Estes dispensam apresentação. Depois de um concerto no Porto em 2022 que converteu muitos cépticos à banda de desenhos animados de Damon Albarn e Jamie Hewlett, os Gorillaz regressam aos discos dia 24 de Fevereiro para o seu oitavo álbum "Cracker Island". Damon é neste momento um dos artistas mais bem conectados da indústria, por isso não é de admirar o desfile de estrelas na folha de créditos do álbum, incluindo os Tame Impala, Bootie Brown e Thundercat. Já pudemos ouvir os singles "Cracker Island", "Baby Queen" e "New Gold", sendo este último, com os Tame Impala, o tema mais forte até ao momento. E não esquecer que ainda teremos o regresso aos palcos dos blur em 2023.


The Lathums — "From Nothing To A Little Bit More" (24 Fevereiro)

O nono álbum dos The Lathums, "From Nothing To A Little Bit More", chega também a 24 de Fevereiro, sucedendo a "How Beautiful Life Can Be", de 2021. O vibrante single de avanço, "Say My Name", faz com o novo disco da banda de Wigan seja uma das minhas apostas para 2023.
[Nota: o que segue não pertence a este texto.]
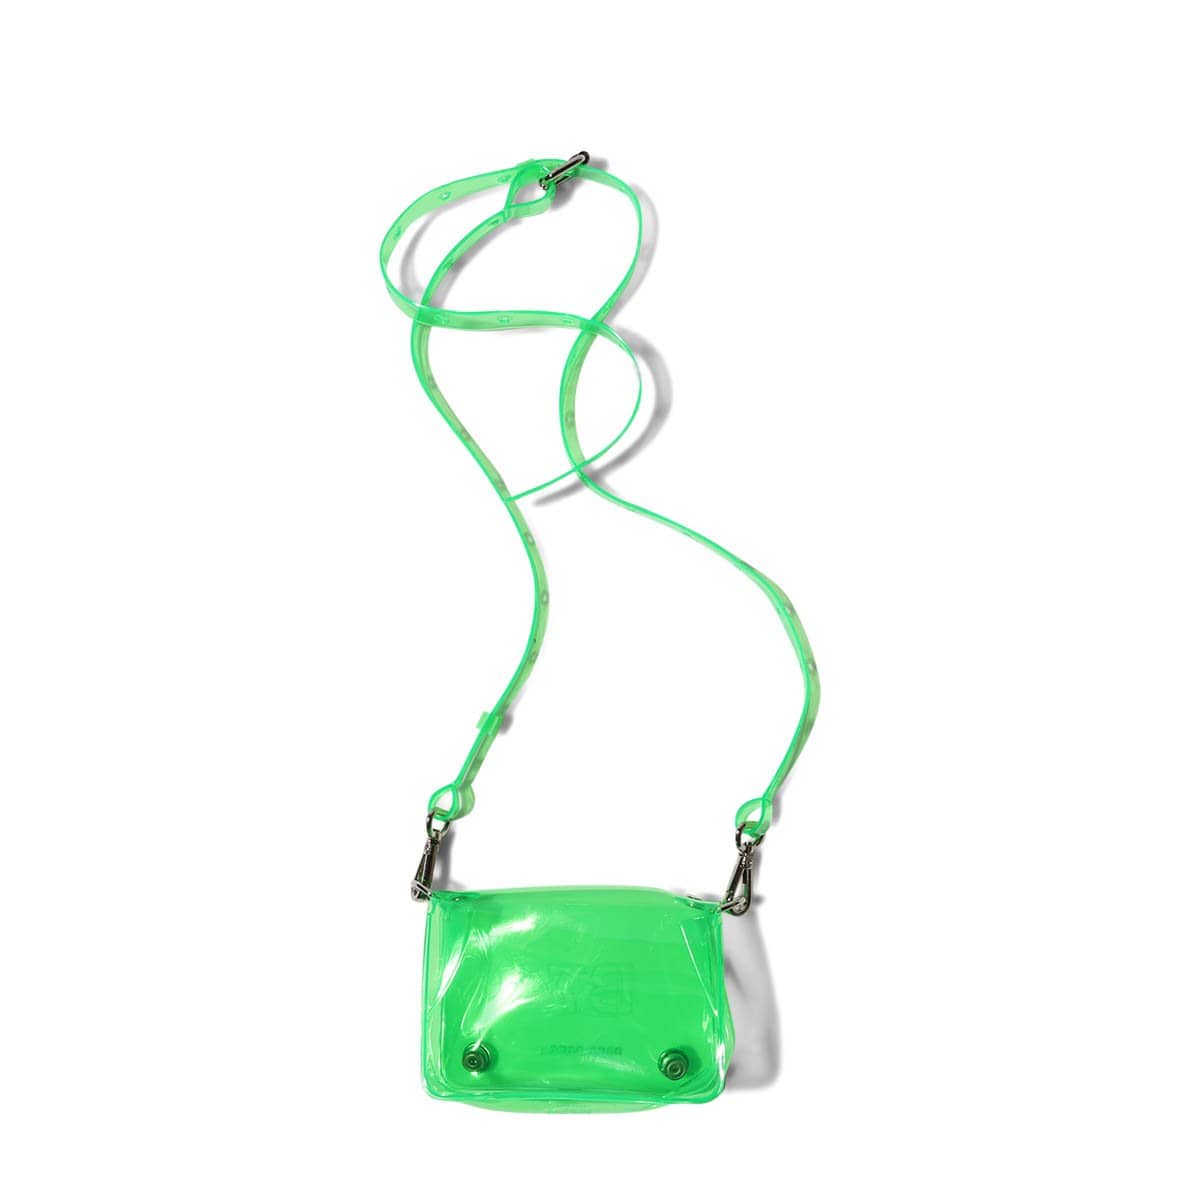 nana-nana Bags & Accessories NEON GREEN / O/S PVC B7

Lana Del Rey — "Did You Know That There's a Tunnel Under Ocean Blvd" (10 Março)

A maravilhosa Lana Del Rey regressa a 10 de Março com o seu nono álbum, "Did You Know That There's a Tunnel Under Ocean Blvd", sucessor de "Blue Bannisters" de 2021. O excelente tema-título saiu em Setembro passado e só nos dá indicações positivas para o que eu espero que seja um dos álbuns do ano.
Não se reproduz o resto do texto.